# Futterkorb (Schlaufenmontage) + Pose?



## Philla (19. Juni 2009)

Hallo Boardies,

habe mal eine frage gibt es eine möglichkeit mit Futterkorb

(Schlaufenmontage) zu angeln und trotzdem eine Pose als 

bissanzeiger zu befestigen? Oder gibt es da keine möglichkeit, 

weil der Futterkorb viel zu schwer ist ?

würde mich über ein paar Antworten sehr freuen.

Gruß,

Phillip


----------



## duck_68 (19. Juni 2009)

*AW: Futterkorb (Schlaufenmontage) + Pose?*

Was soll das bringen??? Entweder man fischt mit Futterkorb an der Feeder oder Schwingspitze oder mit Schwimmer, aber nicht mit beidem gleichzeitig.


----------



## Philla (19. Juni 2009)

*AW: Futterkorb (Schlaufenmontage) + Pose?*

das bringt das man was zu gucken hat ;-D


ausserdem habe ich lediglich gefragt ob es geht!


----------



## Jens0883 (19. Juni 2009)

*AW: Futterkorb (Schlaufenmontage) + Pose?*

Klar kannst du das so fischen. Der Korb+ Vorfach liegt auf Grund. Dann musst du nur genau ausloten und los gehts.


----------



## slowhand (19. Juni 2009)

*AW: Futterkorb (Schlaufenmontage) + Pose?*

Das geht super, habe ich auch schon gemacht! Natürlich liegt die Montage auf Grund. Die Bissanzeige ist wesentlich feiner, als wenn der Fisch erst die Strecke vom Köder bis zur Rutenspitze überbrücken muß. Ist auch sehr gut geeignet, wenn man hinter einer abfallenden Kante angelt, da bei einer normalen Feedermontage die Schnur über die Kante abgelenkt würde. Mit der Pose aber kein Problem!
Ich habe das letztes Jahr mal aus Spaß ausprobiert und war begeistert. Geht allerdings nicht bei starker Strömung, weil die Pose unter Wasser gedrückt wird und wenn man eine bauchige Pose mit mehr Tragkraft nehmen würde, wäre es mit der feinen Bissanzeige wieder vorbei.
Einfach mal ausprobieren, macht Spaß!


----------



## Philla (19. Juni 2009)

*AW: Futterkorb (Schlaufenmontage) + Pose?*

Danke für die Antworten 

Könntet ihr mir dazu vielleicht mal eine Montage zeigen?

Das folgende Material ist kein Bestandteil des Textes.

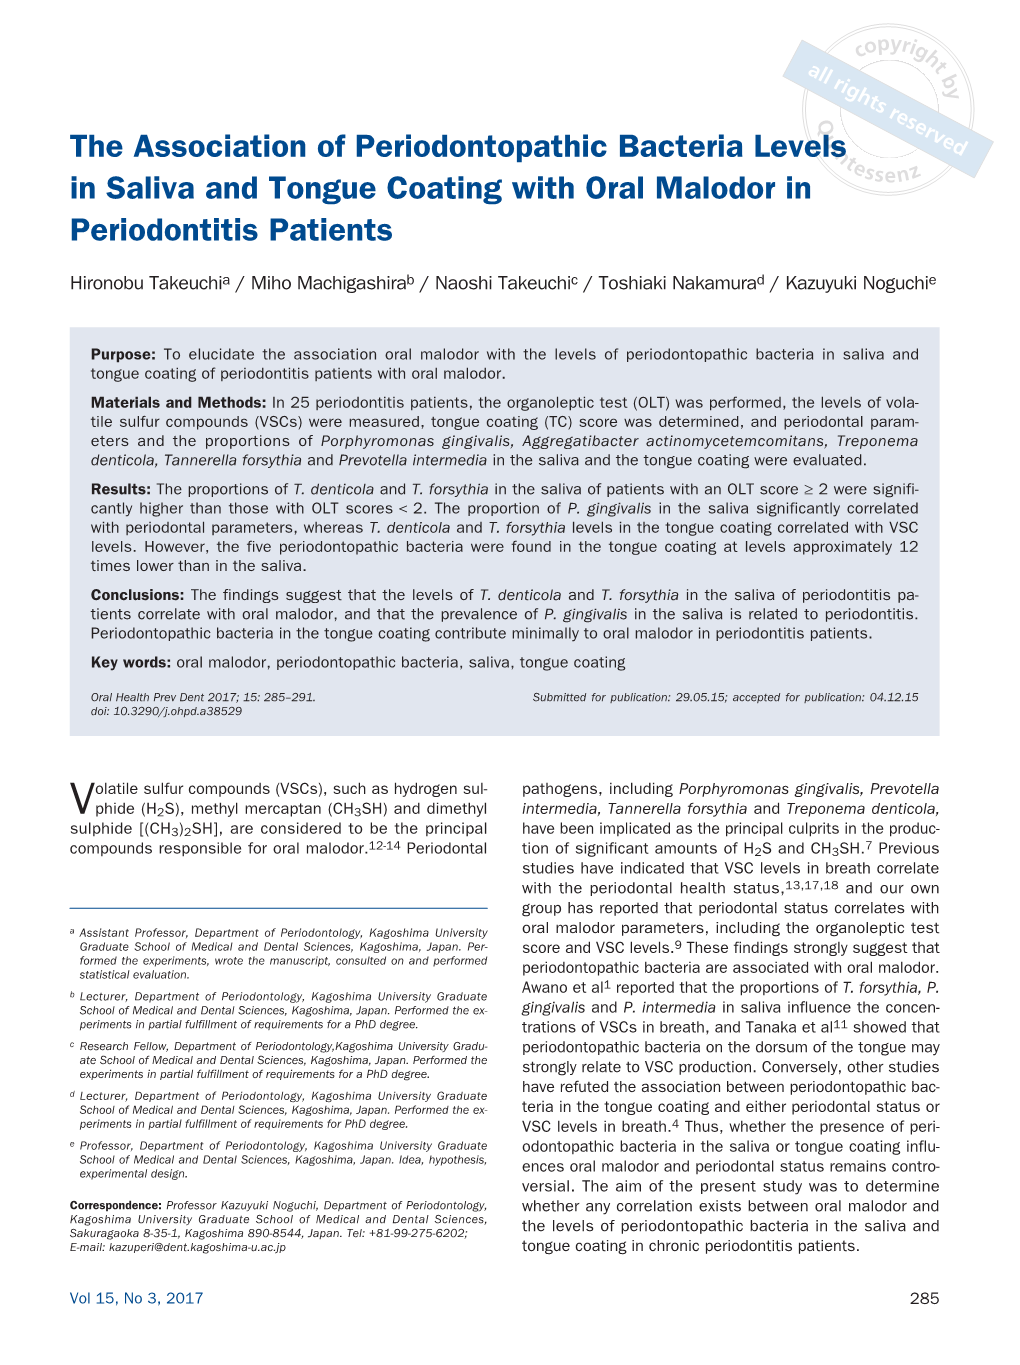 The Association of Periodontopathic Bacteria Levels in Saliva and Tongue Coating with Oral Malodor in Periodontitis Patients

Und vielleicht folgende angeben:

- Hakengröße? [für Weißfische, Schleien und Karpfen vielleicht gibt es da ja einen Mittelpunkt, habe in letzter zeit so wenig gefangen das ich mit allem zufrieden wäre .]

- Was für eine Pose? und welches Gewicht?

- Vorfachlänge

- Gewicht des Futterkorbs?

- Welches Futter?

Daten zum See:

Fläche: ca. 5 ha

max Tiefe 16m

Untergrund: Sandig, nährstoffarm

Fischbestand: Aal, Hecht, Zander, Karpfen (auch Satzis), Schlei, Rapfen, Barsch, Weisfisch jeglicher Art.

Gruß,

Phillip


----------



## Tobi94 (19. Juni 2009)

*AW: Futterkorb (Schlaufenmontage) + Pose?*

Haken würde ich 12 nehmen.
Vorfach: kein Ahnung
Gewicht vom Korb: so gering wie möglich
Futter: hängt vom gefanangenen Fisch ab (Bei Rotaugen z.B. spezielles Rotaugenfutter und dann noch Maden rein machen)


----------



## Philla (19. Juni 2009)

*AW: Futterkorb (Schlaufenmontage) + Pose?*

Jemand Vielleicht ein Bild von der Montage?

Oder eine Zeichnung?


----------



## Koalabaer (19. Juni 2009)

*AW: Futterkorb (Schlaufenmontage) + Pose?*

@Philla
Also wenn du in letzter Zeit sooo...wenig gefangen hast,vielleicht erstmal die bewährten Methoden probieren!Feedern OHNE Pose!
Zu deinen vielen anderen Fragen:ja ich weiß,hörst du nicht gerne...in der Suche einfach Feedern eingeben,OK?
Petri,Jörg


----------